Visto che non siamo molti averne due non e' molto utile e produttivo, e farne una nuova 

verrebbe dire sminuire il lavoro fatto da www.gentoo.it e www.gentoo-italia.org.

Secondo me questi due siti stanno facendo delle cose molto utili. 

Questa comunque resta una mia interpretazione.

----------

## shev

 *fedeliallalinea wrote:*   

> Non saprei se sia necessario una ML ufficiale visto che esiste gia' quella di gentoo-it.

 

Certamente, infatti la vedevo come alternativa a quella, come sua sostituta ufficiale. Se leggi qualche post passato vedi che sono uno dei primi a non volere l'eccessiva frammentazione dei mezzi a nostra disposizione. 

 *Quote:*   

> Visto che non siamo molti averne due non e' molto utile e produttivo, e farne una nuova 
> 
> verrebbe dire sminuire il lavoro fatto da www.gentoo.it e www.gentoo-italia.org.

 

Mah, non ne sarei così sicuro. Sulla bontà del lavoro svolto dai ragazzi dietro a questi siti non si discute, tanto di capello e complimenti vivissimi a tutti loro. Premesso questo, dubito la ML rappresenti il loro maggior vanto, il loro merito più grande (non è nemmeno hostata direttamente da loro. Questa non è una critica, sia chiaro, sto solo cercando di far capire che avete fatto moltissimo per meritare stima e rispetto, non credo abbiate bisogno della ML per questo  :Smile:  ). La ML @gentoo.org credo sia più accattivante, pratica etc inoltre verrebbe gestita dall'infrastruttura ufficiale di gentoo piuttosto che quella di yahoogroups (che poi io poco sopporto di suo, ma questo non conta  :Razz:  ), con tutti i vantaggi del caso.

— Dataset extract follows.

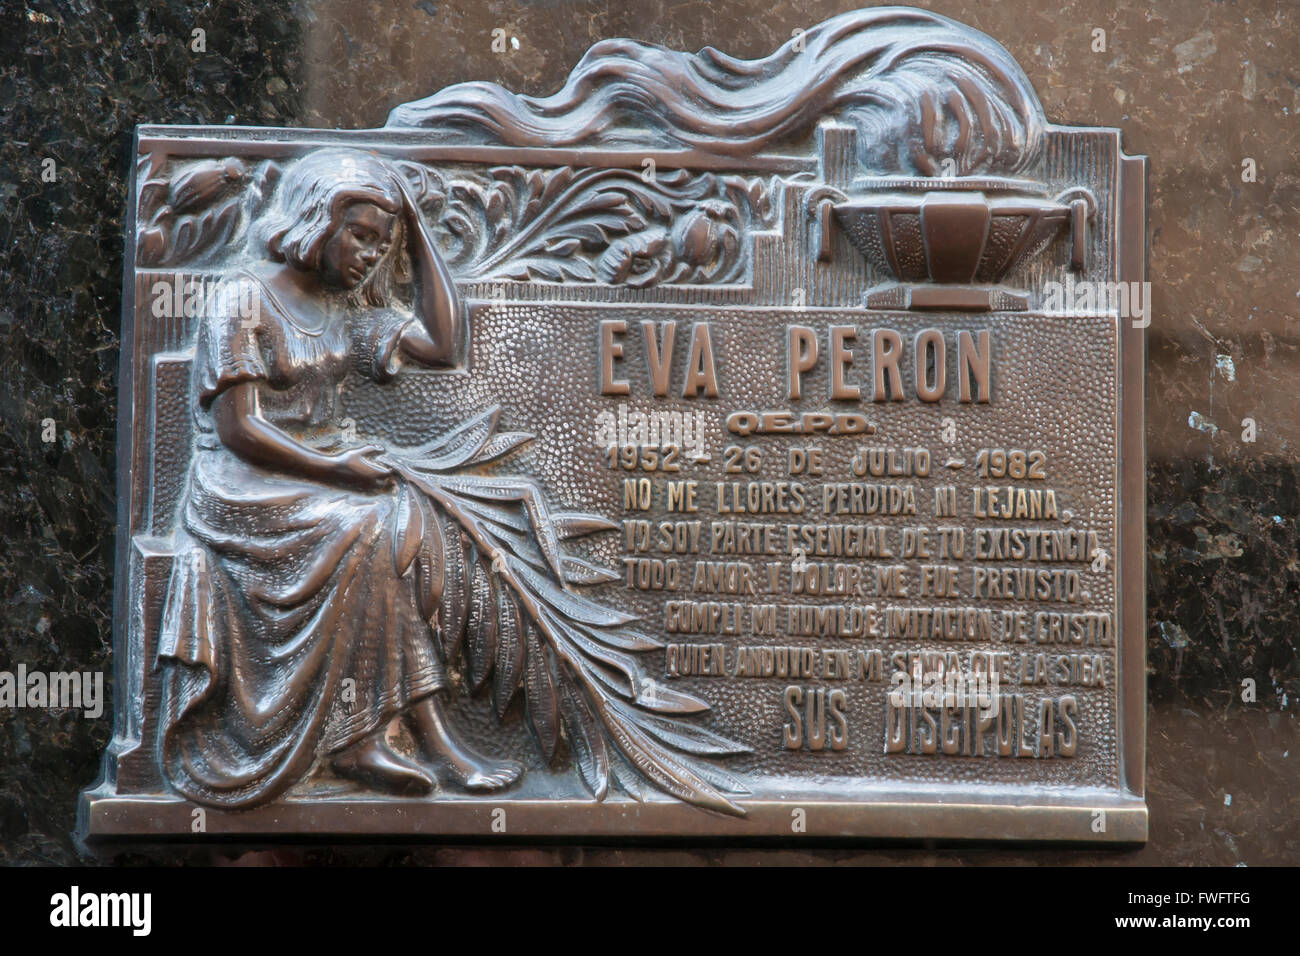 Eva Peron Grave Plaque - Buenos Aires - Argentina Stock Photo

Poi se proprio si vuol rendere omaggio agli ideatori dell'attuale ML si può anche nominarli moderatori (se le ML sono moderate), responsabili o che altro, per me fa lo stesso, figuriamoci!

 *Quote:*   

> Secondo me questi due siti stanno facendo delle cose molto utili.

 

Concordo in pieno, per questo non capisco dove stia lo "sminuimento" della loro importanza e dei loro meriti.

Poi ovviamente anche questà è una mia opinione, come sempre mi adeguerò al bene collettivo di questa splendida comunità  :Wink: 

----------

## IgaRyu

Bhe ragazzi che dire, la mailing list su yahoo l'ho creata quando non ancora esiteva il forum italiano.

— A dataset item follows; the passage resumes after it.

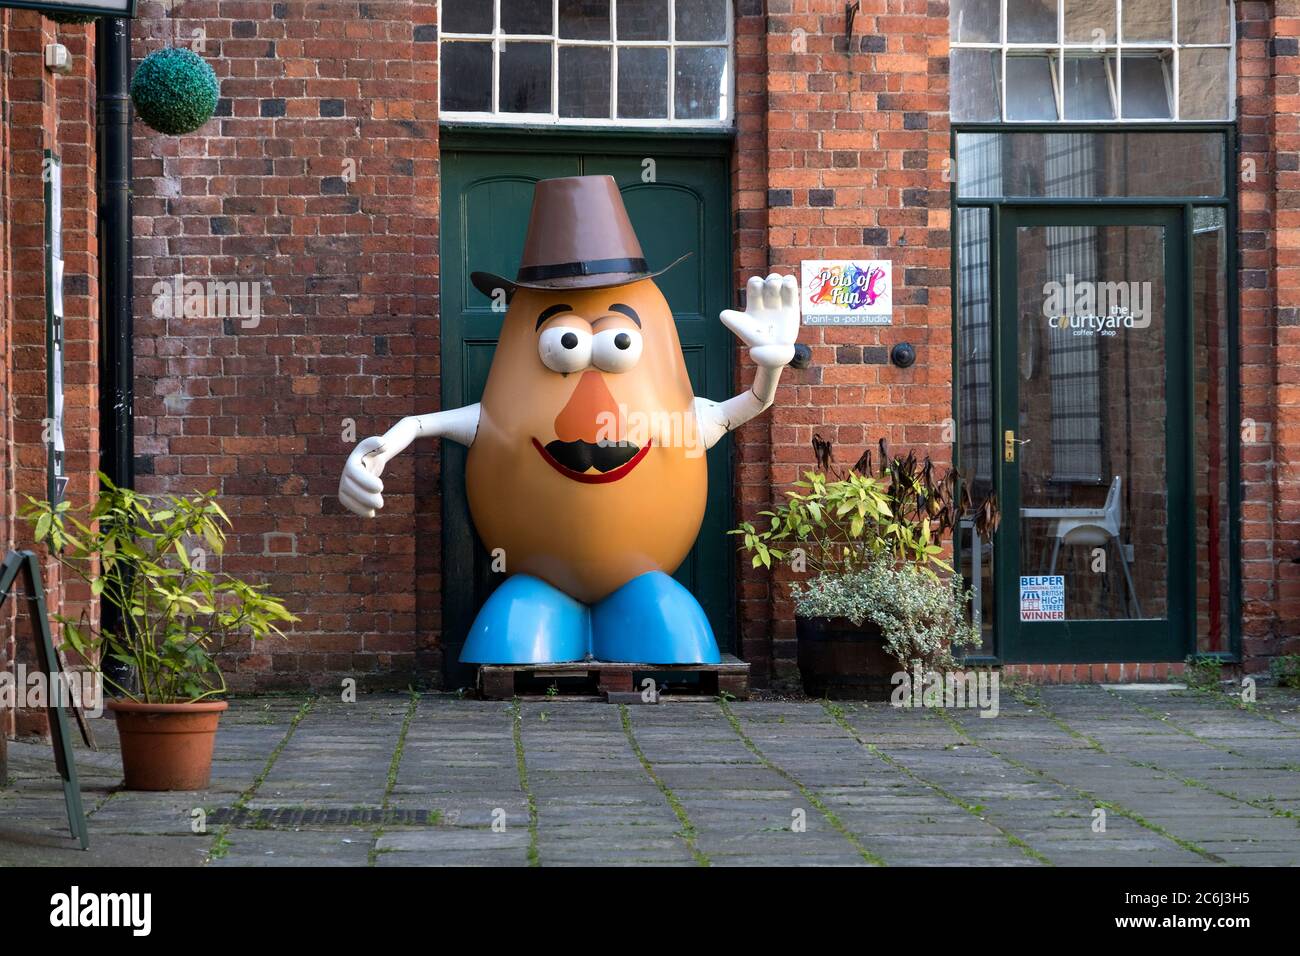 Giant Mr potato head waving Stock Photo

Se trovate 'politicamente piu corretto' usare quella di gentoo.org non ci vedo alcun male. La comodita delle mailing list di yahoo sta nel fatto che come si creano in 30 secondi si cancellano in 5  :Smile: 

Non e un problema di ownership o di 'proprietà intellettuale' della  mailing. Se gentoo.org ci da l'appoggio sebbene il nostro scarso traffico ben venga... ripeto no problem. (E credo di paralre sia a nome mio che a nome di Stefano)

Joe

----------

## fedeliallalinea

 *Shev wrote:*   

> ..., come sempre mi adeguerò al bene collettivo di questa splendida comunità

 

Penso che alla fine sia questa la cosa piu' importante.

----------

## BlueRaven

 *fedeliallalinea wrote:*   

> Non saprei se sia necessario una ML ufficiale visto che esiste gia' quella di gentoo-it.
> 
> Visto che non siamo molti averne due non e' molto utile e produttivo, e farne una nuova 
> 
> verrebbe dire sminuire il lavoro fatto da www.gentoo.it e www.gentoo-italia.org.
> ...

 

E' lo stesso discorso che è stato fatto, a suo tempo, per quanto riguarda il forum.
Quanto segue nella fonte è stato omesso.